6. Climb to the top of the mat for 3 rounds of Surya Namaskar
to. The easiest version
7. Shavasana - 1 to 2 minutes
8. Climb to the top of the mat to lean forward, standing
to. Surround yourself on your feet with your knees slightly bent and lift your chin at the end to avoid dizziness.
9. LR Side Stretch
10. Step back with your right foot into Triangle Pose / Trikonasana LR
to. Drishti's point is the raised hand or the floor
yes. Easier: bend the front leg, optionally place the arm on the thigh
11. Reverse Triangle Prep LR
12. Palm Tree Pose / Tadasana - 3 times
to. When your heels are on the floor, put your hands on your head
yes. When your heels are off the ground, put your hands up in the air
C. Drishti point: look forward or upward
13. Tree Pose / Vrikshasana LR - 4 to 6 breaths
to. Hands in pranamasana or on the head
14. Sit in a comfortable cross-legged position for the Mudrasana LR Psychic Union / Yoga posture - 4 breaths
15. Butterfly pose / Badhakonasana - 4 to 6 breaths
to. First, flap your butterfly wings
yes. Then relax and bring your forehead to the floor
16. One-legged forward lean / Janu Sirshasana LR - 4 to 6 breaths
17. Seated Forward Bend / Paschimottanasana - 4 to 6 breaths
to. Relax your back
18. LR table pose
to. Raise the opposite arm and leg
19. Easy Cobra Pose / Saral Bhujangasana - 2 times
to. Front on the floor
yes. Hands over the head, fingertips aligned with the crown.
C. Legs together and relaxed
20. Half-Locust / Ardha Shalabasana - 3 times, 3 seconds, LR
21. Return to the child's posture / Balasana
22. Seated Spinal Torsion / Ardha Metsyendrasana LR
to. Soft option
- Revolved Easy Pose / Parivrtta Sukhasana, legs crossed
- Part 1 of the Spinal Twist Prostration Pose / Bhu Namanasana
23. One Leg Raises / Padotthanasana - 5 LR
to. Inhale - raise / exhale - lower
yes. Hold your breath and hold for 3-5 seconds.
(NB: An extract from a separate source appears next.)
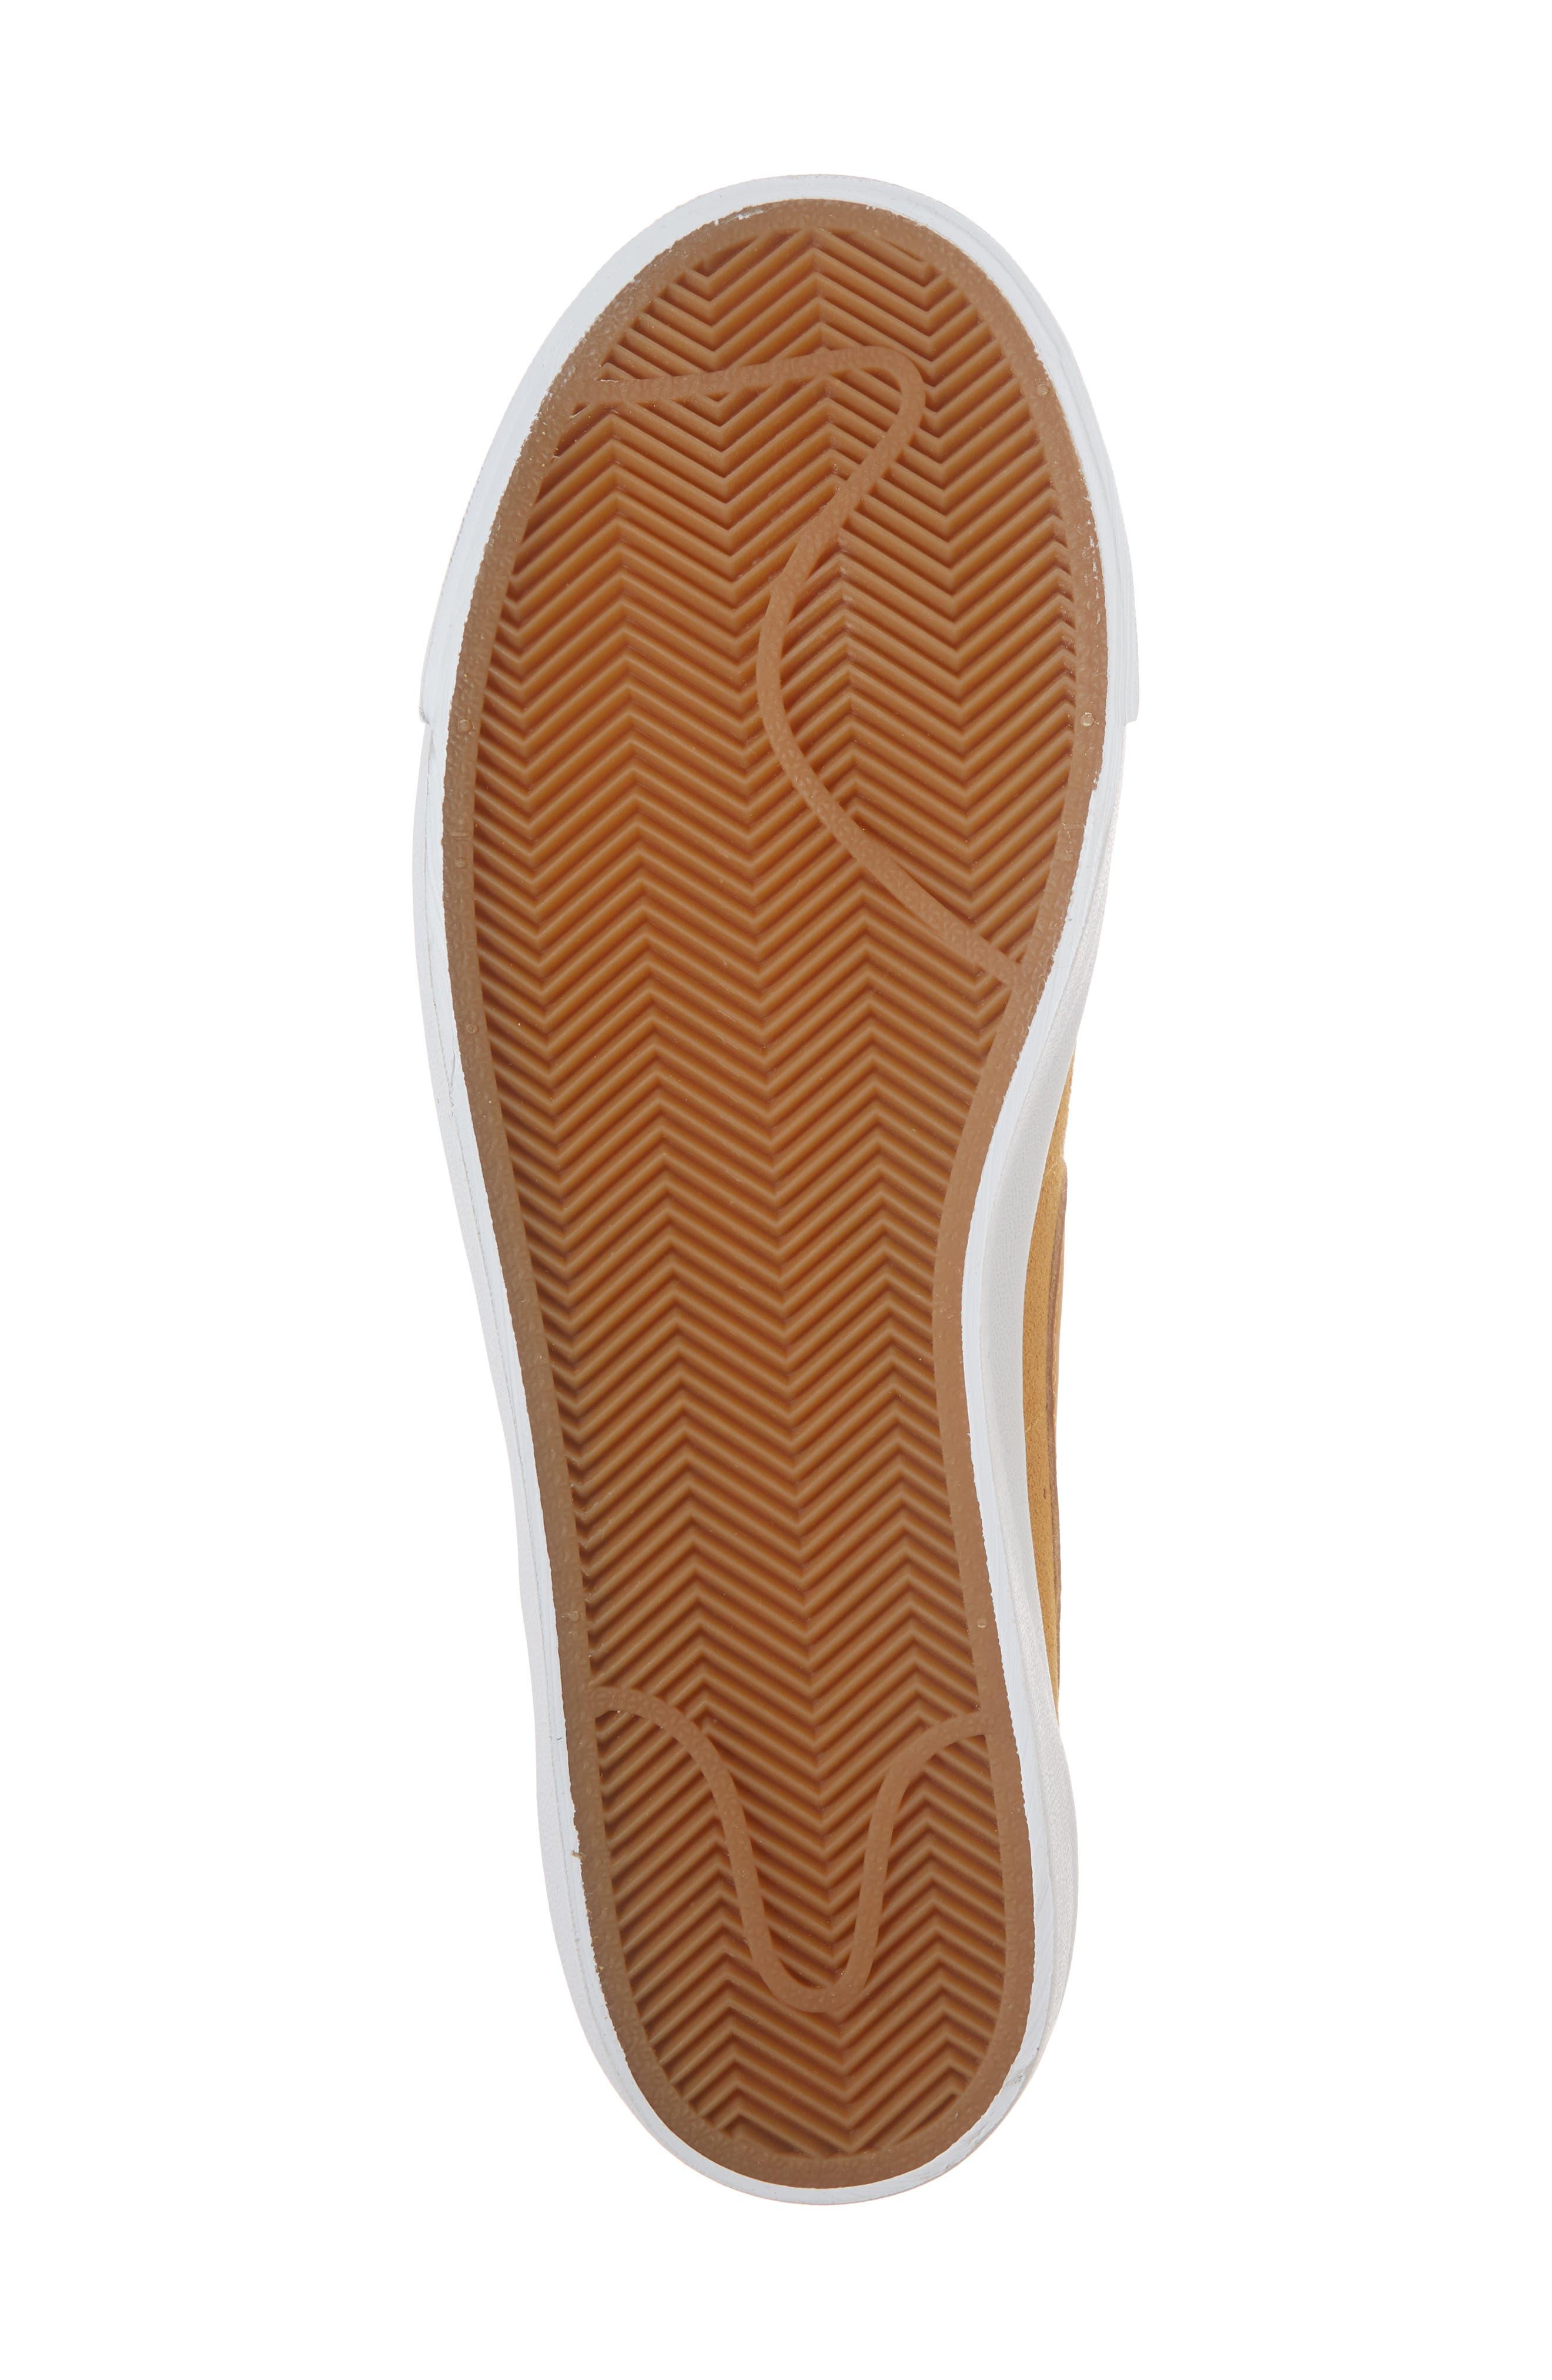 Blazer Low Suede Sneaker,                             Alternate thumbnail 6, color,                             260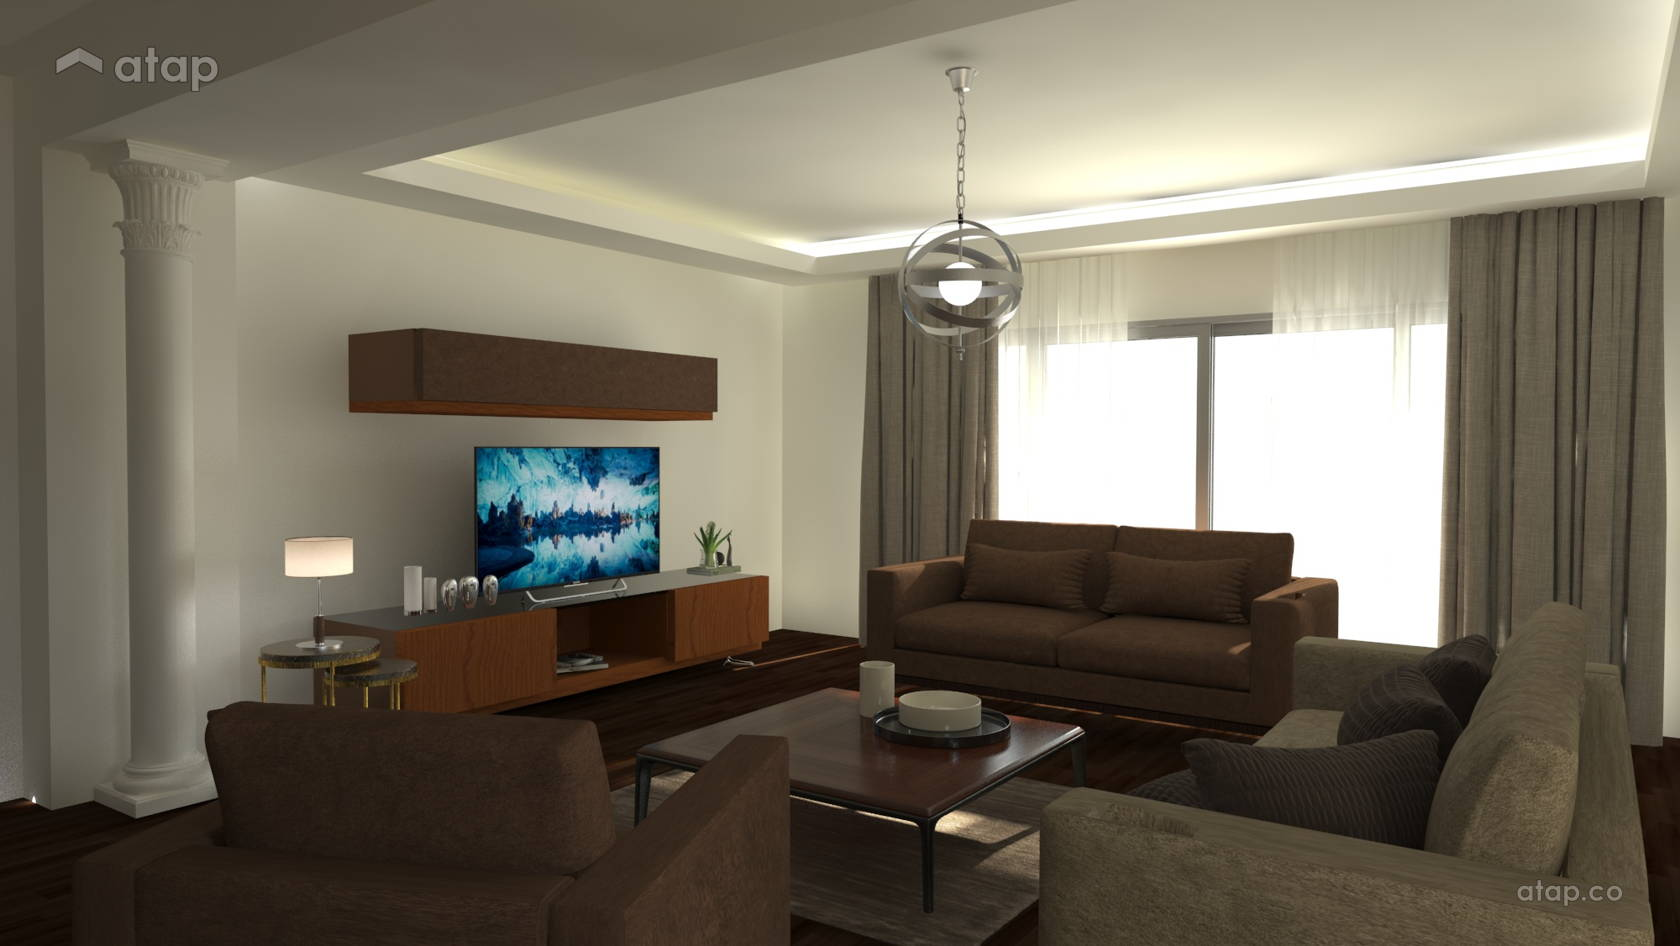 Classic Modern Living Room Apartment Design Ideas Photos Malaysia Atap Co

24. Knee to Chest Position / Supta Pawanmuktasana - 3 times, LR
to. Exhale, bring nose to knee
25. Abdominal stretching posture for sleeping / Supta Udarakarshanasana - 3 times, LR
to. Wait 3 seconds
27. fold back
28. Shavasana
Yoga purifies your soul by regular practise of yoga in everyday life it can help you to cure your depression,anxiety,insomnia,etc.Different kinds of yoga acts different parts of our body and also yoga helps to boost our immune system and its scientifically proven
Lets celebrate INTERNATIONAL YOGA DAY Which is coming on 21st if June 2020.